There were sonic distinctions among the Shindo Aurieges and the other preamps in-house as well—musically important sonic distinctions, as opposed to the cufflinks-on-the-music-stand sort. Listening to a new LP reissue of Leonard Bernstein and the New York Philharmonic's famous recording of Shostakovich's Symphony 5 (Columbia/Cisco Music MS-6115), the brass sounded righter and more convincing through the Aurieges. They had the sheen and sheer blat they needed to sound real, but those qualities weren't overcooked or overdone. The natural glow of the instruments melded with the sound of the hall to create an utterly stunning tone—no other word for it.

The Aurieges wasn't just a happy-lens. It didn't make the strings on Frank Sinatra's September of My Years (LP, Reprise 73799) sound right, because those strings weren't recorded right—although the Shindo preamp caressed the melodies and got the timing right and let the string bass keep its beautiful bounce. And the Shindo didn't make the voices and instruments on Roxy Music's For Your Pleasure (LP, Warner Bros. BS 2696) sound at all the way they do in life (except, perhaps, the electric bass in "The Strand" and the lead vocal in "Grey Lagoons"), because that wasn't the sort of recording the group was trying to make. But the electronically treated guitar and saxophone sounded wonderful and engaging through the Aurieges, and the Shindo preamp was sufficiently free of timing distortions that "Editions of You" flat-out rocked. (The Shindo was also temporally clear enough to show how the band slows down a tiny bit—unintentionally, I assume—during the instrumental break in the middle of "The Strand.")

Some miscellany: The Aurieges didn't require much warmup to sound its best—20 minutes seemed to do it—but it sounded a bit grainy and deliberate when cold. Counterintuitively, the Aurieges sounded better with its two boxes stacked, preamp atop power supply, than when they were side by side. Putting three Ayre Myrtle Blocks under the stacked boxes made everything sound worse: Center fill was diminished, and the music took on a slight mechanical quality. Weird.

The Aurieges had the lowest noise floor—the least amount of hiss and hum—I've heard from any tubed preamplifier, ever. And, try as I might, I simply could not coax any amount of hum out of the Shindo preamp's phono section: Regardless of how the various ground leads were connected (or not), it sounded the same.

Custom
About five years ago, New Yorker Jonathan Halpern discovered the products of Shindo Laboratory through an acquaintance in France, where Shindo gear is especially well loved. One thing led to another, and, in 2003, Halpern set up a company called Tone Imports (footnote 2) to distribute the green goodies here in the US. After that, Ken Shindo came to New York for a business visit, and while he doesn't speak a word of English and Halpern doesn't speak a word of Japanese, they managed to understand one another well enough.

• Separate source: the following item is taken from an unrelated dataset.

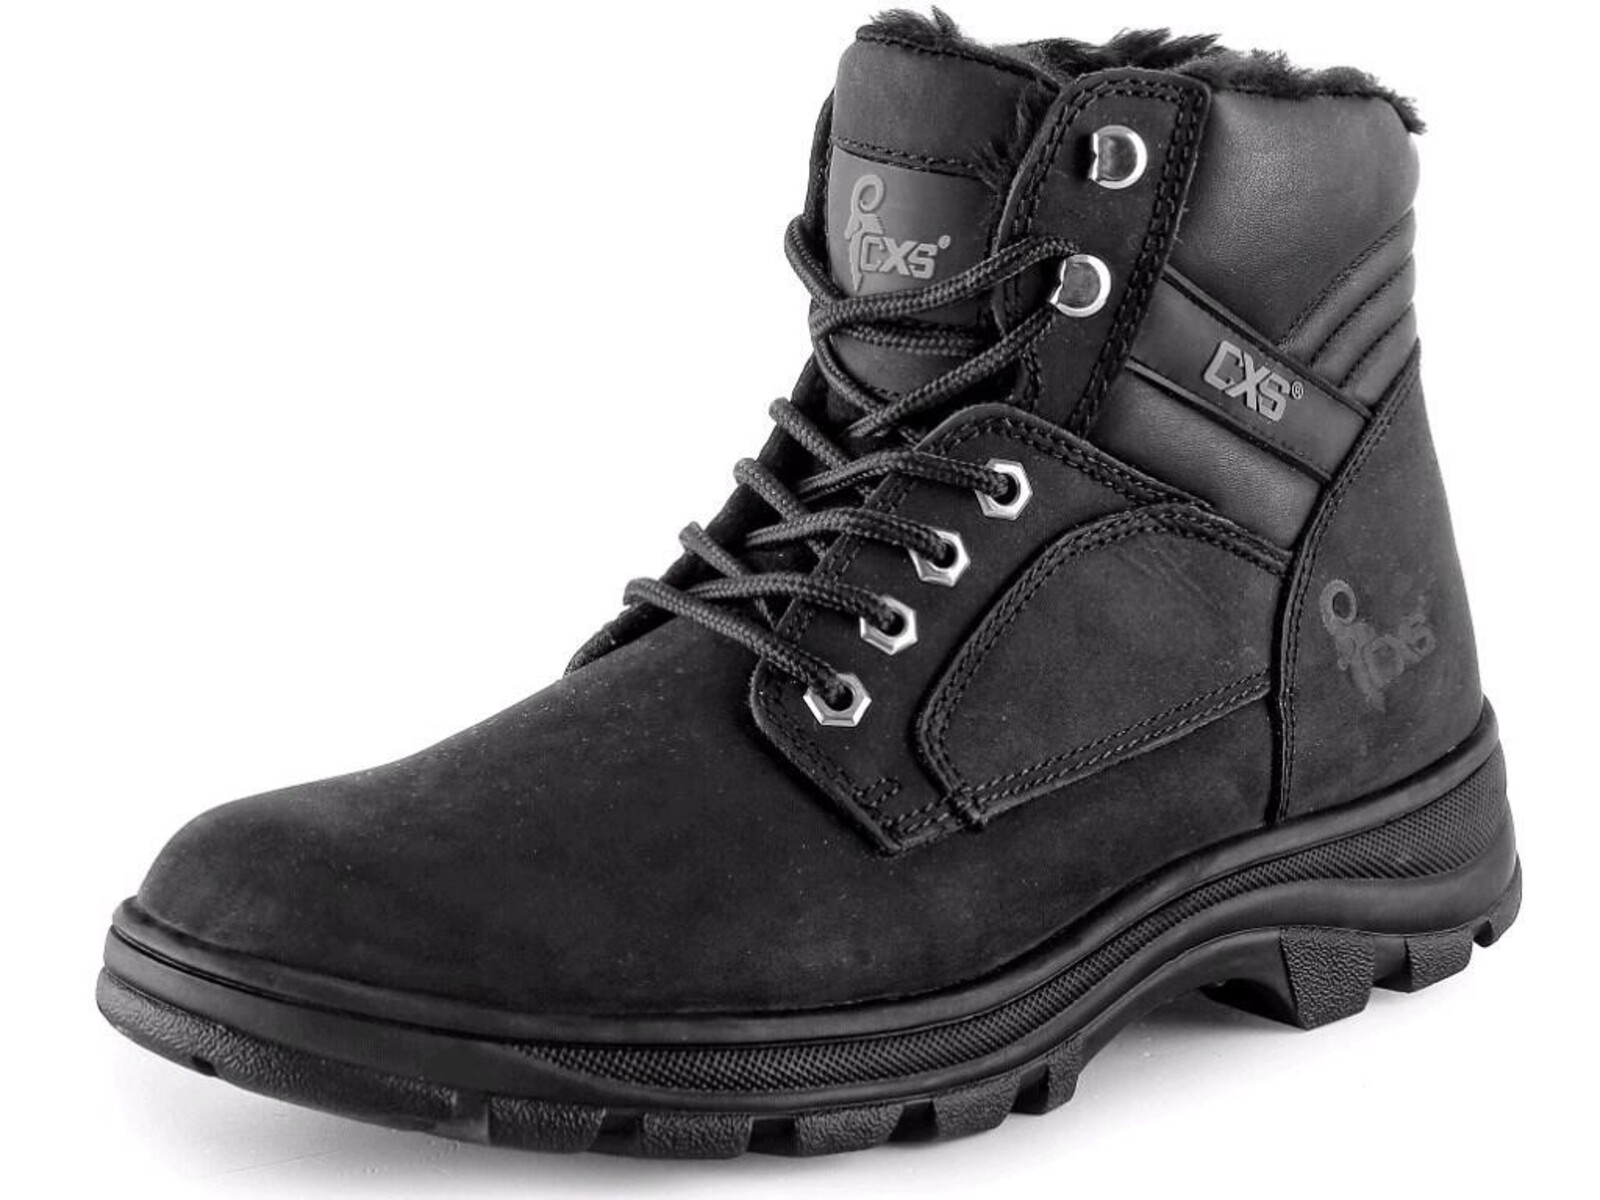 Zimná členková obuv CXS Road Industry FO E CI SRA - veľkosť: 45, farba: čierna
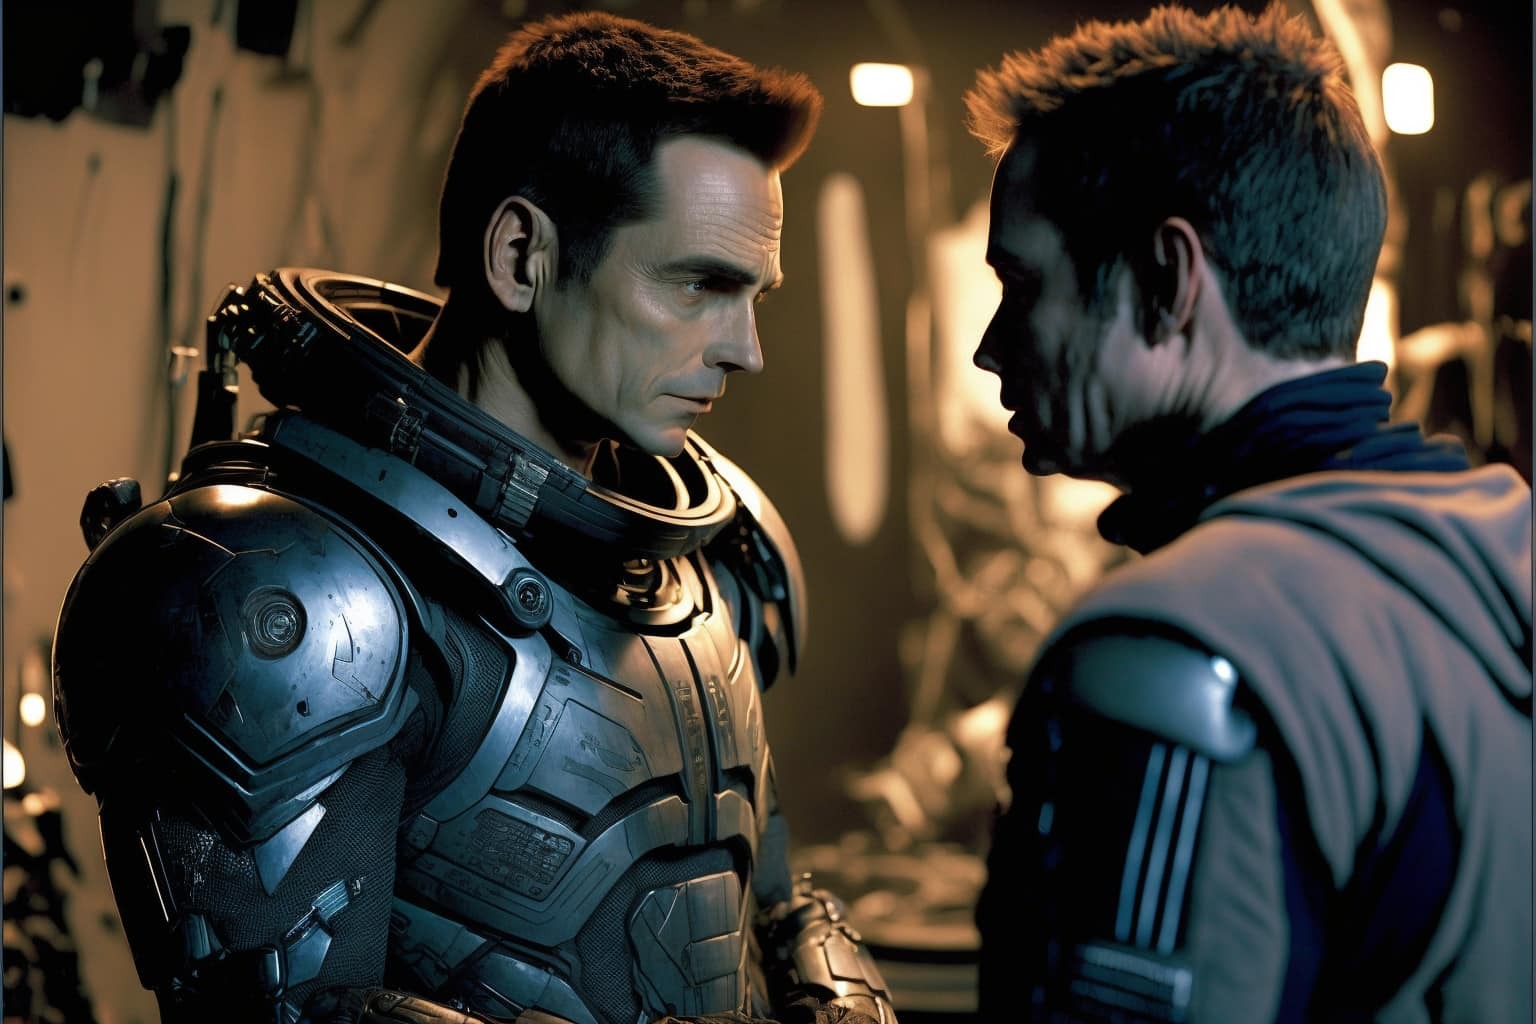 Mass Effect by James Gunn and Neural Networks - Midjourney, Нейронные сети, Mass effect, Games, Art, Longpost

"With Shindo, every order is a custom order," Halpern says, "and a product can change over the course of time. If a customer wants something special, that's not a bad thing: Ken listens, and he builds it that way if he can. But if I ask for something that Ken thinks is a bad idea—like an extra switch I asked for on a phono preamp—he won't do it. He won't compromise the sound at all.

"If I called him tomorrow with a guaranteed order for a hundred 6550 amps—all exactly the same—I know he'd hang up on me," Halpern says with a slightly exasperated laugh. "What can I say? He's an artist."

In early March, after I'd lived with my Aurieges preamp sample for a short while, Shindo's wife, Harumi, sent me their current entry-level amplifier, the 15Wpc push-pull Montille ($3895), and I'm running it in as I write this. Next month, I'll report on that and one or two other Shindo pieces, along with Shindo's proprietary silver interconnects. In the meantime, I'm happily enchanted with Shindo Laboratory's level of music making—and astounded by their equally high level of value.